#### [Data block]
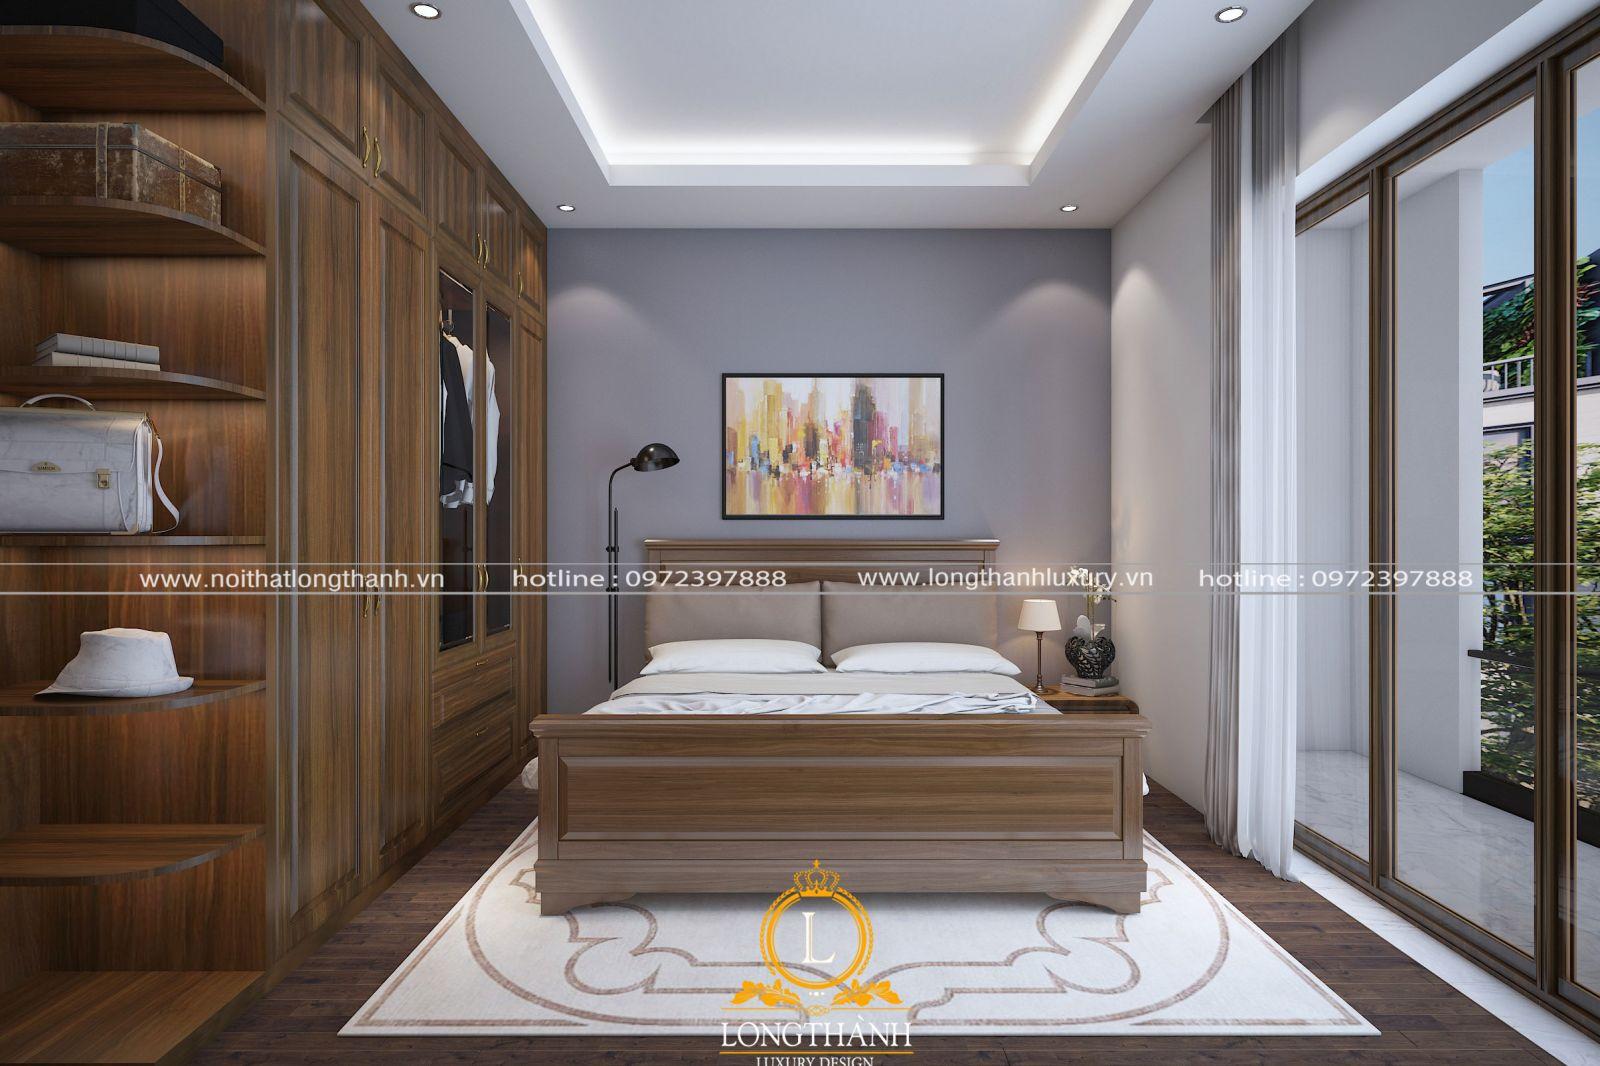 Giường ngủ được bố trí cân đối trong căn phòng ngủ có diện tích hạn chế
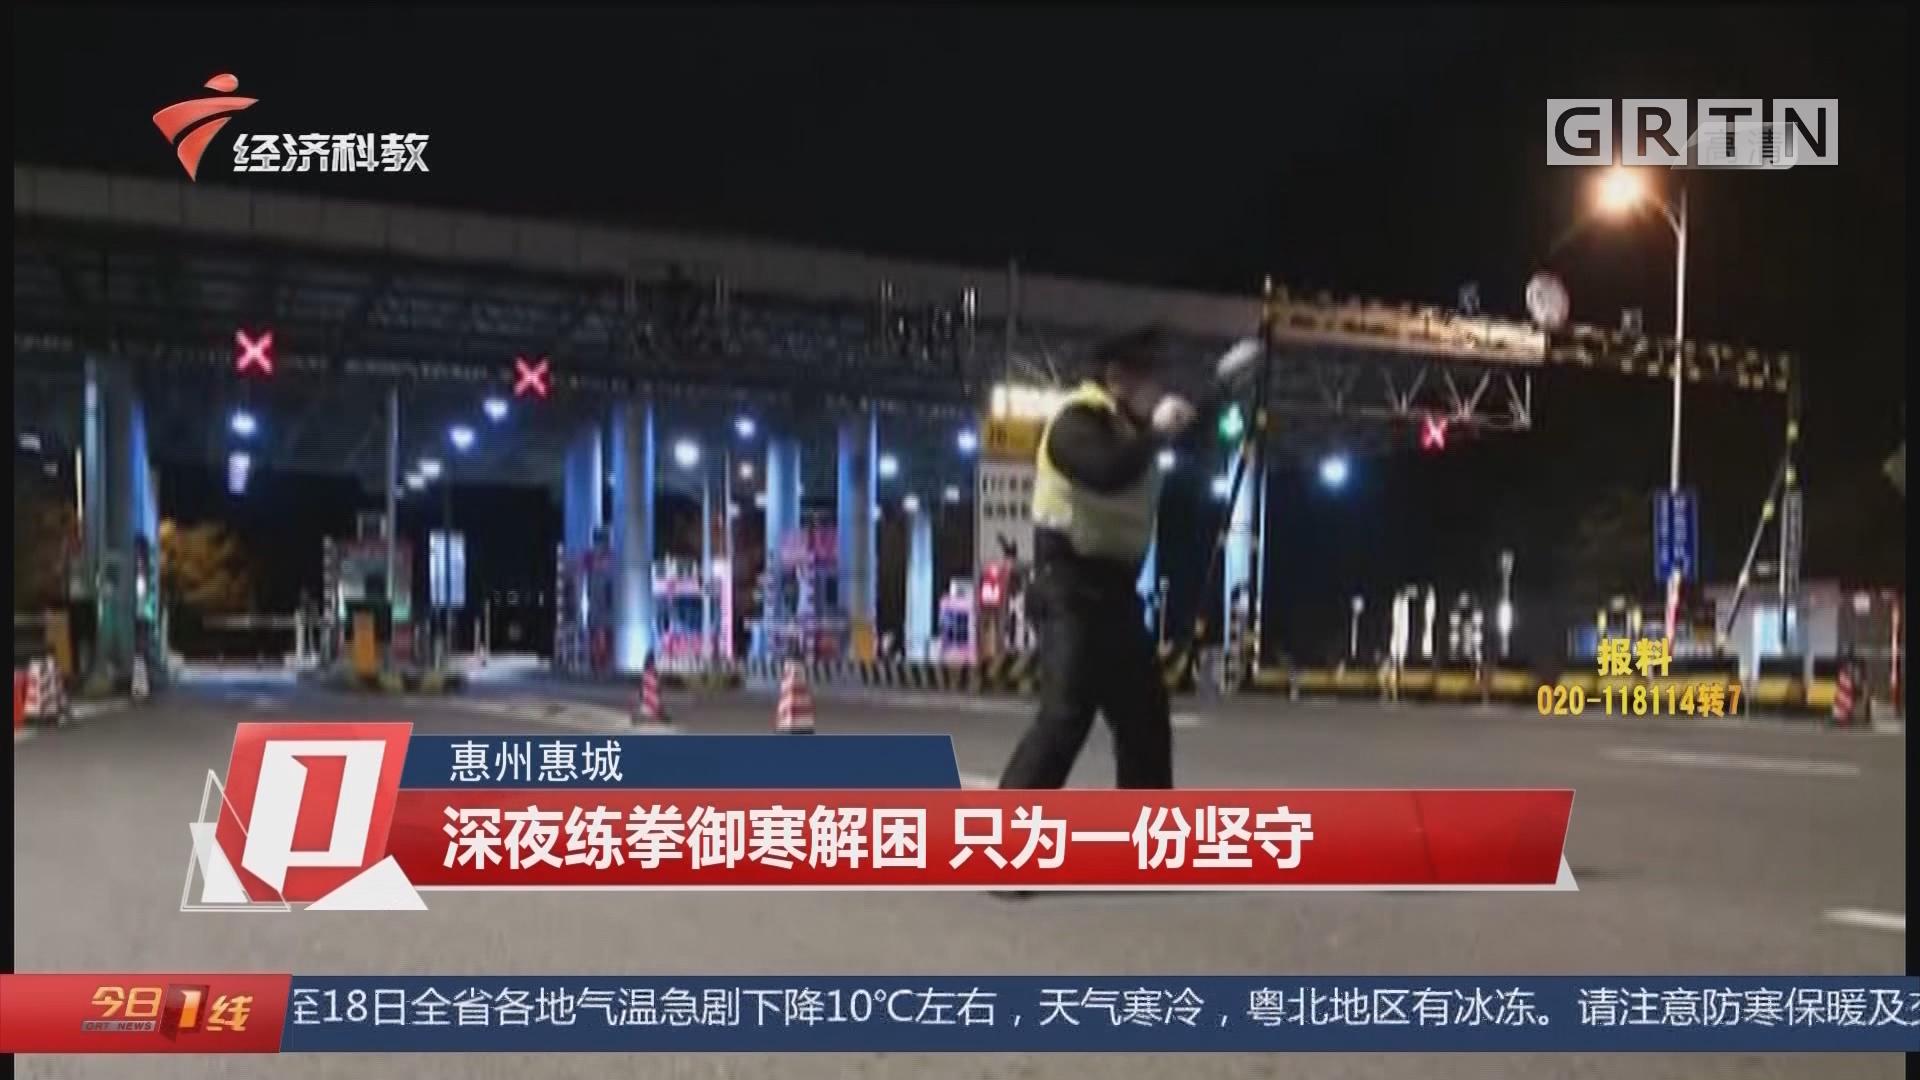 惠州惠城:深夜练拳御寒解困 只为一份坚守
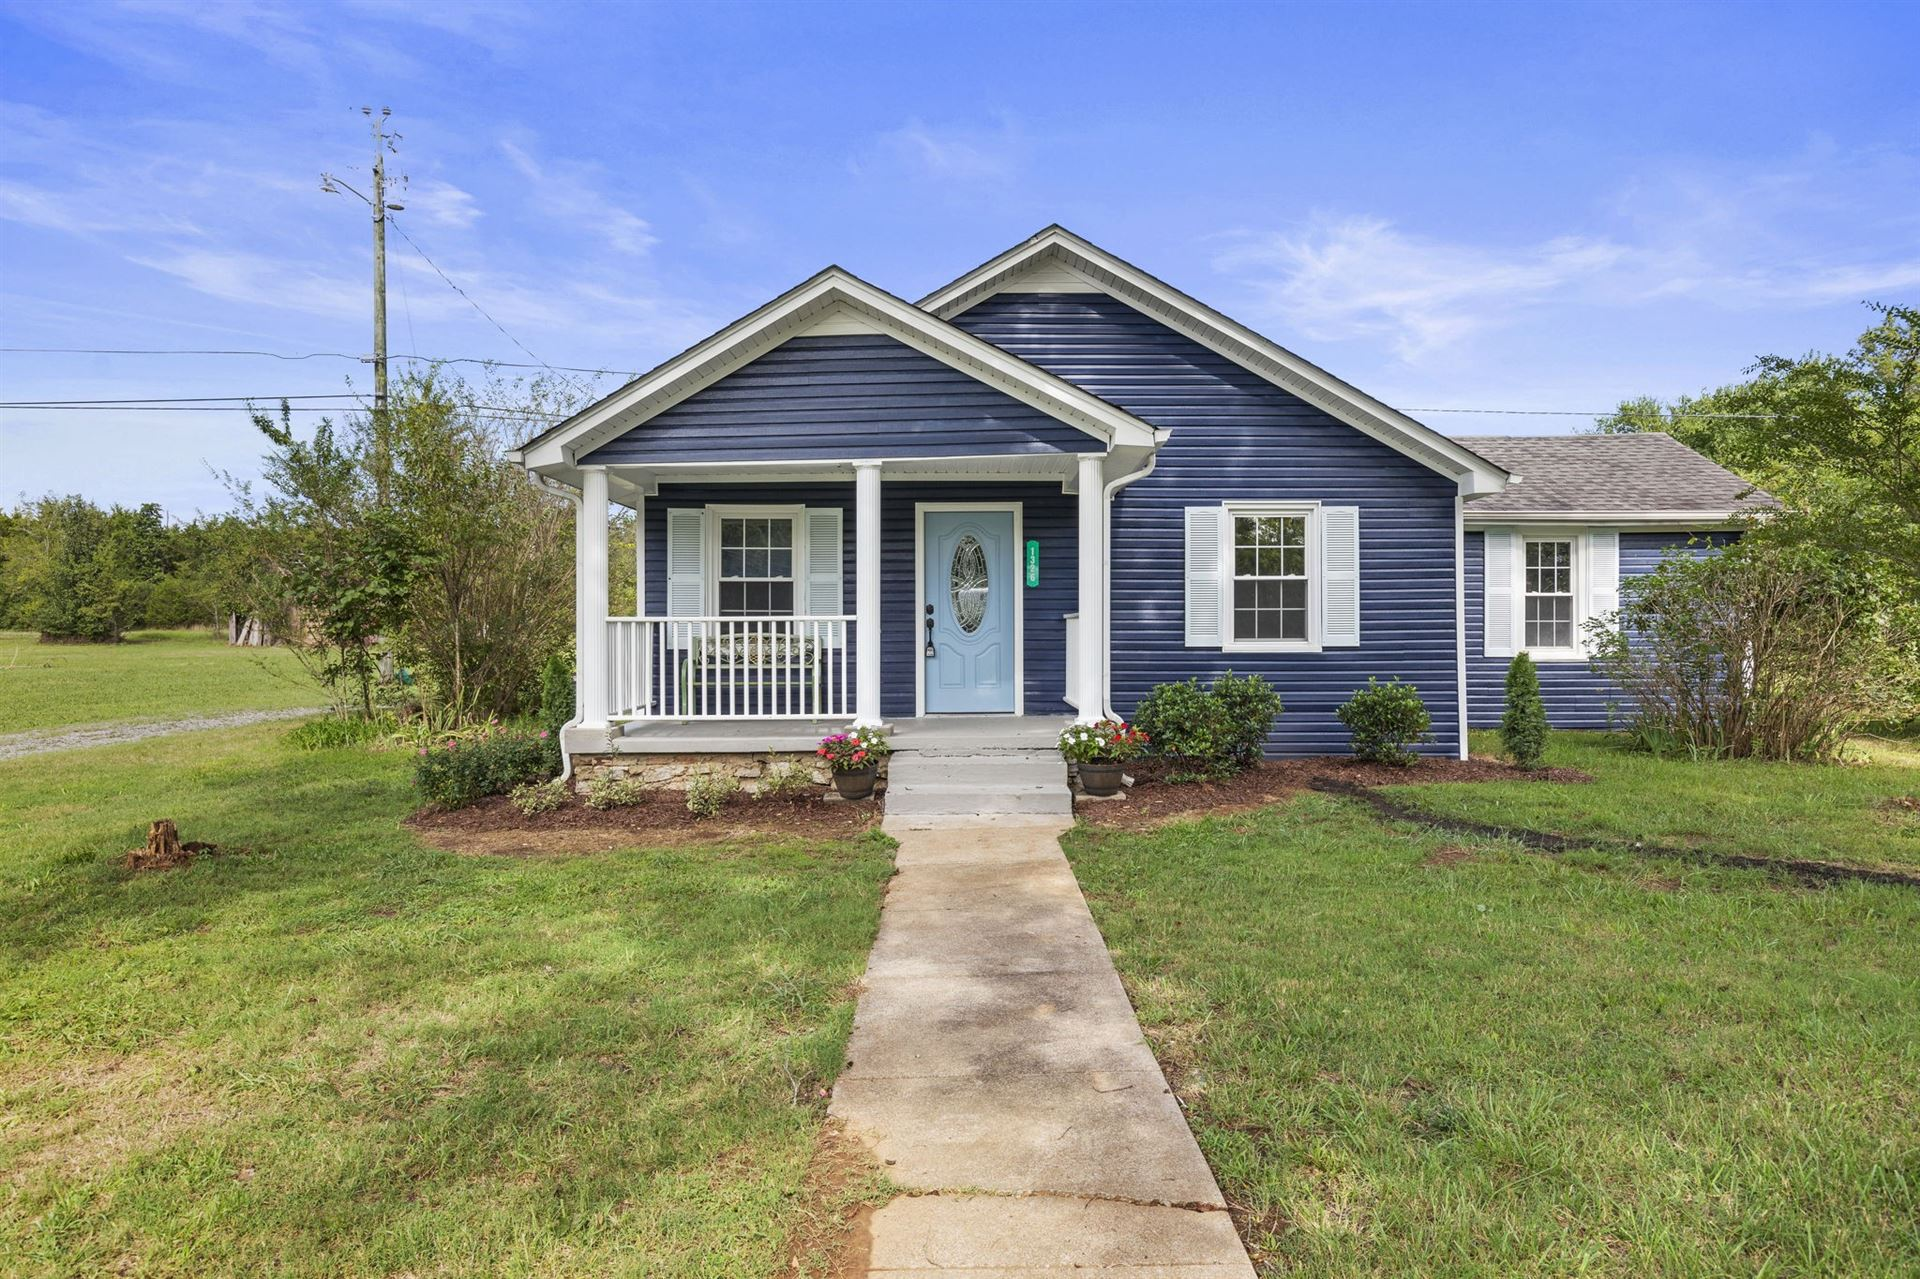 1326 Flat Rock Rd, Murfreesboro, TN 37130 - MLS#: 2286991

#### [Exercise brief]
The expected answer is the lines from the one that has "惠州惠城:深夜练拳御寒解困 只为一份坚守" to the end of the listing, transcribed exactly, with pictures left out and no other line added.

#### [Result for this exercise]
 惠州惠城:深夜练拳御寒解困 只为一份坚守
 1326 Flat Rock Rd, Murfreesboro, TN 37130 - MLS#: 2286991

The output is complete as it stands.